_Goal of the exercise_:
Pictures aside, quote the whole listing exactly.
Data segment Block Start
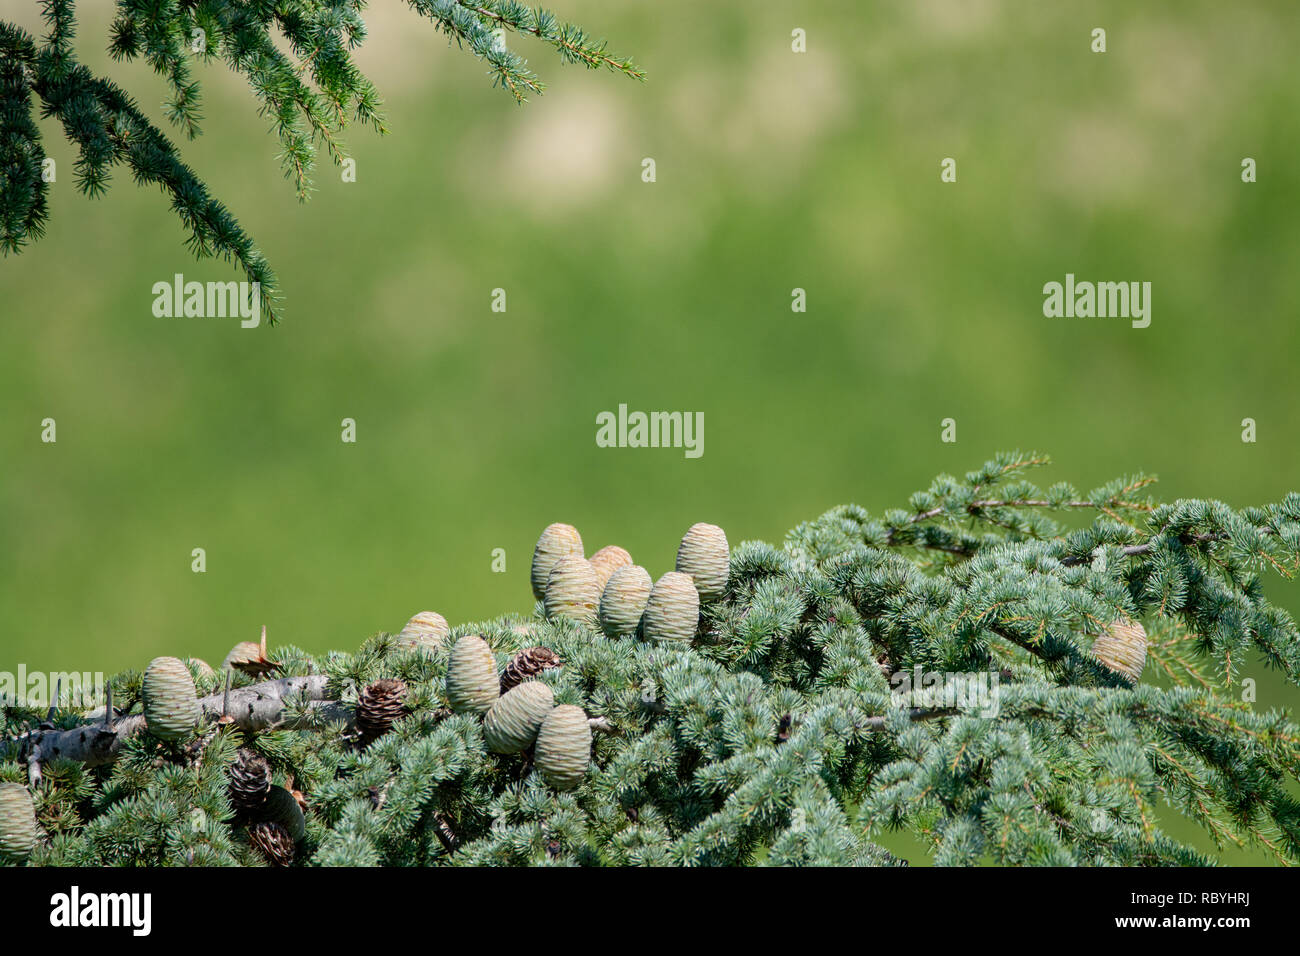 Himalayan cedar or deodar cedar tree with female and male cones, Christmas background close up copy space Stock Photo
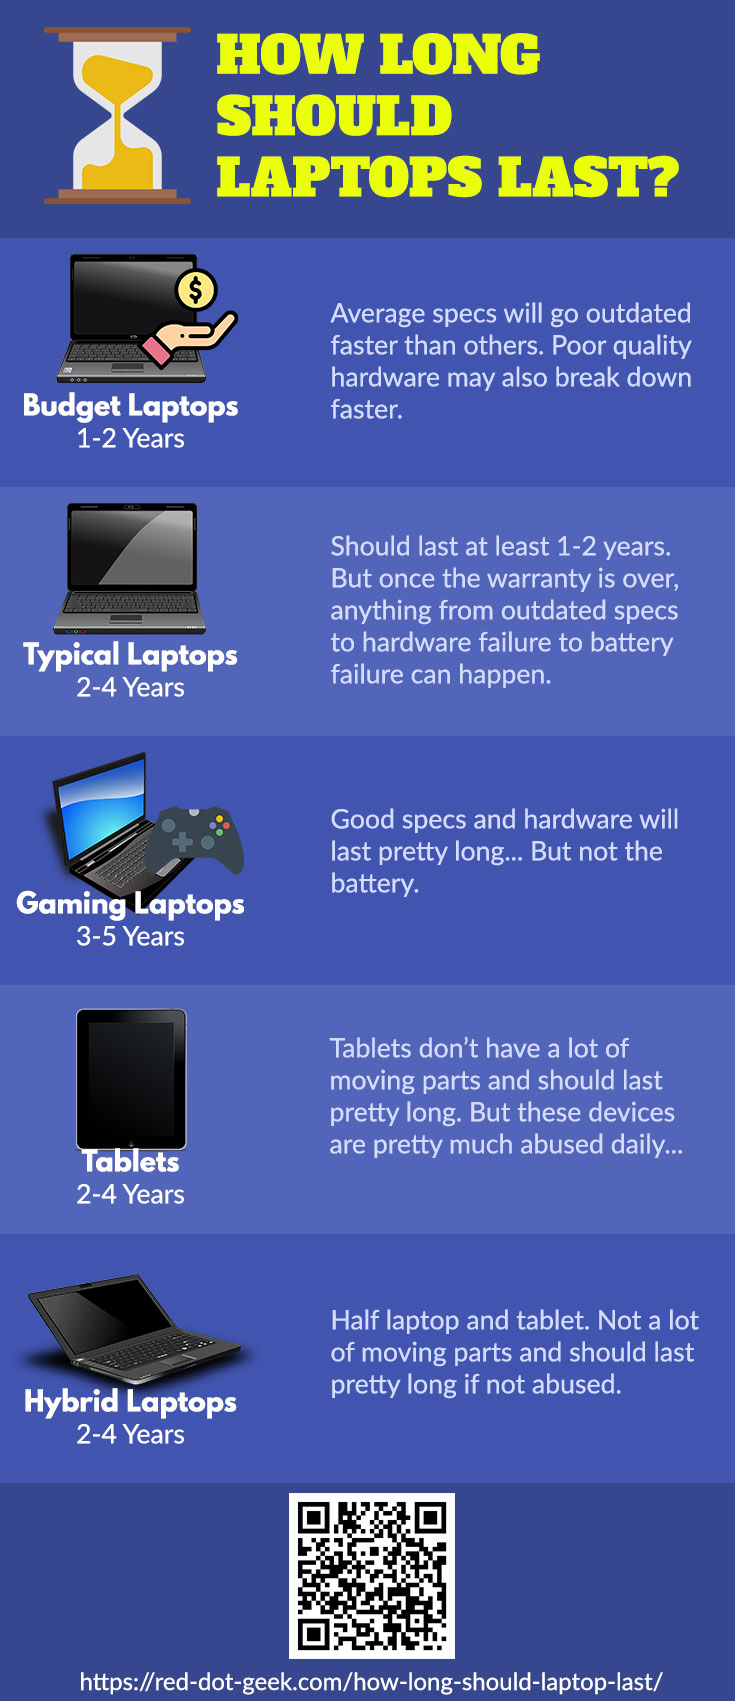 Will a gaming laptop last 5 years?
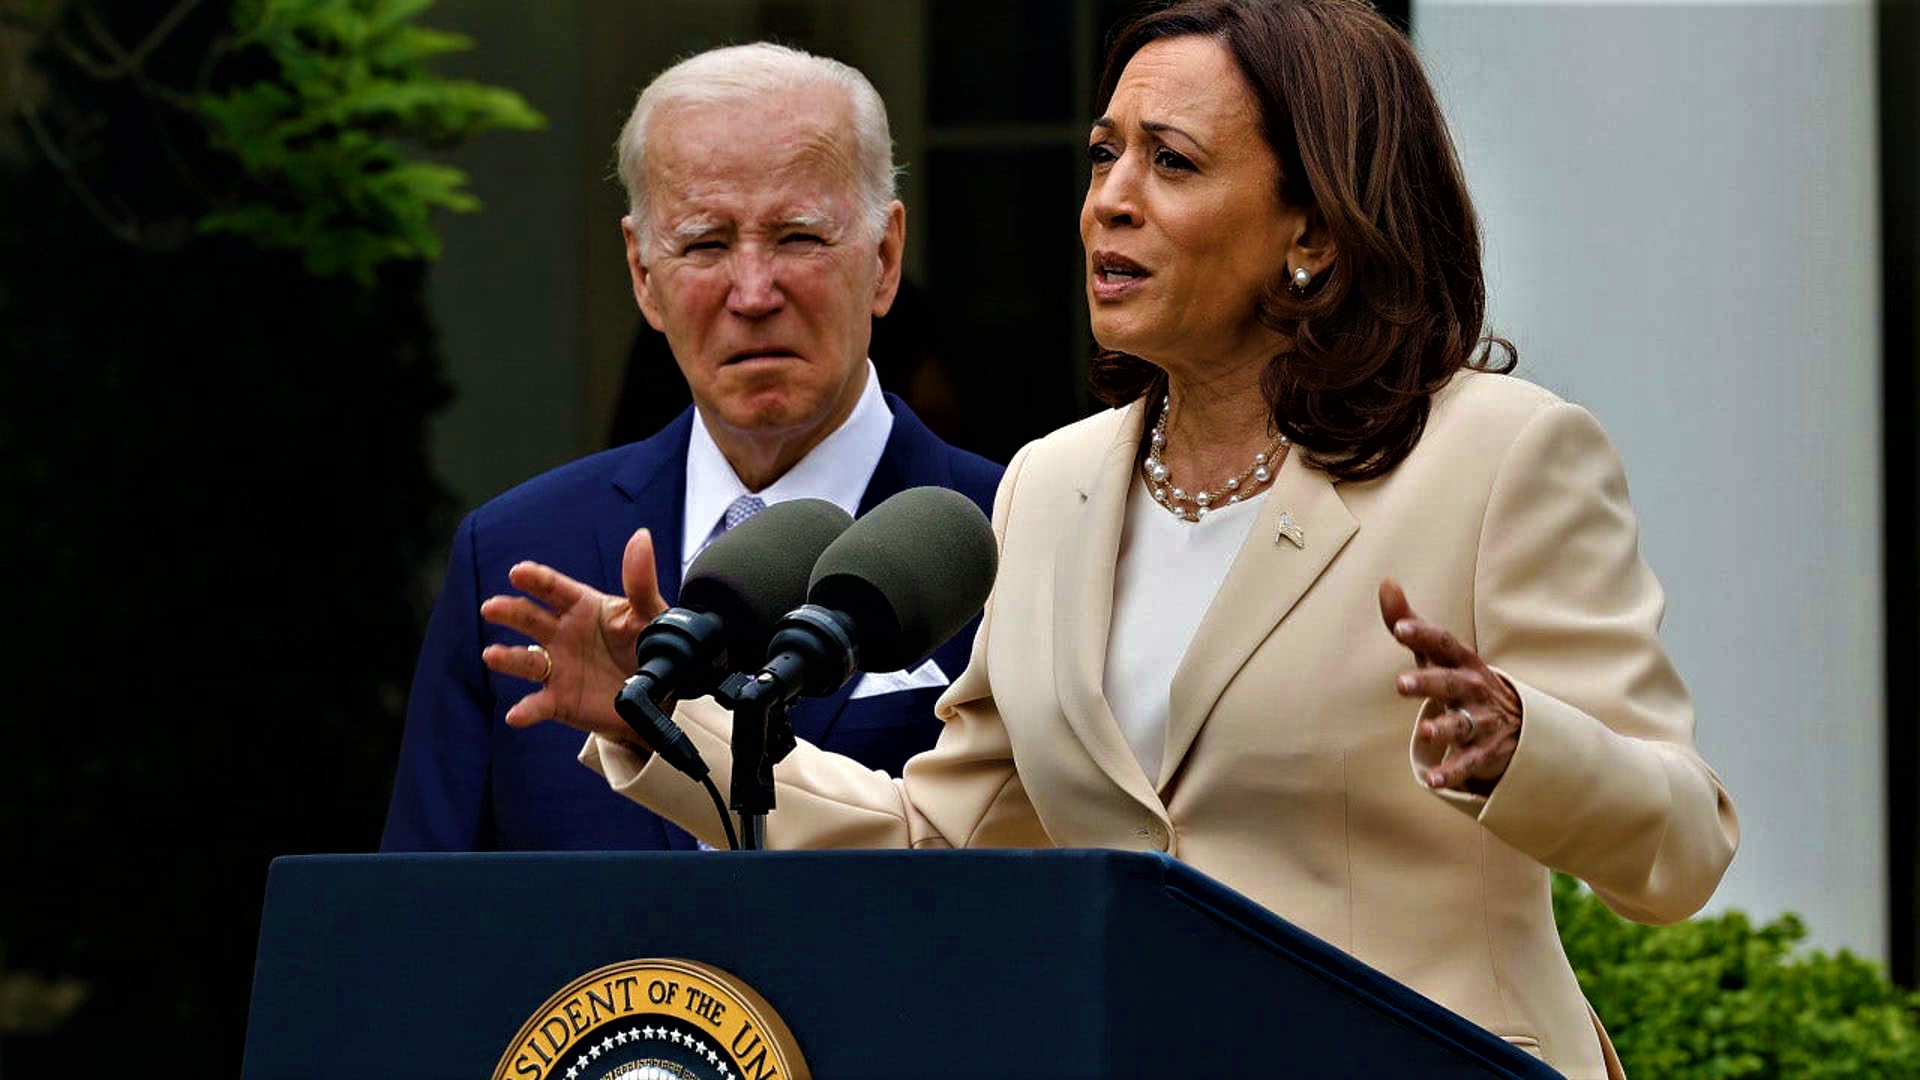 High Quality kamala rambling while biden's lost in thought Blank Meme Template
Data segment Block End
_Response below_:
 Himalayan cedar or deodar cedar tree with female and male cones, Christmas background close up copy space Stock Photo
 Will a gaming laptop last 5 years?
 High Quality kamala rambling while biden's lost in thought Blank Meme Template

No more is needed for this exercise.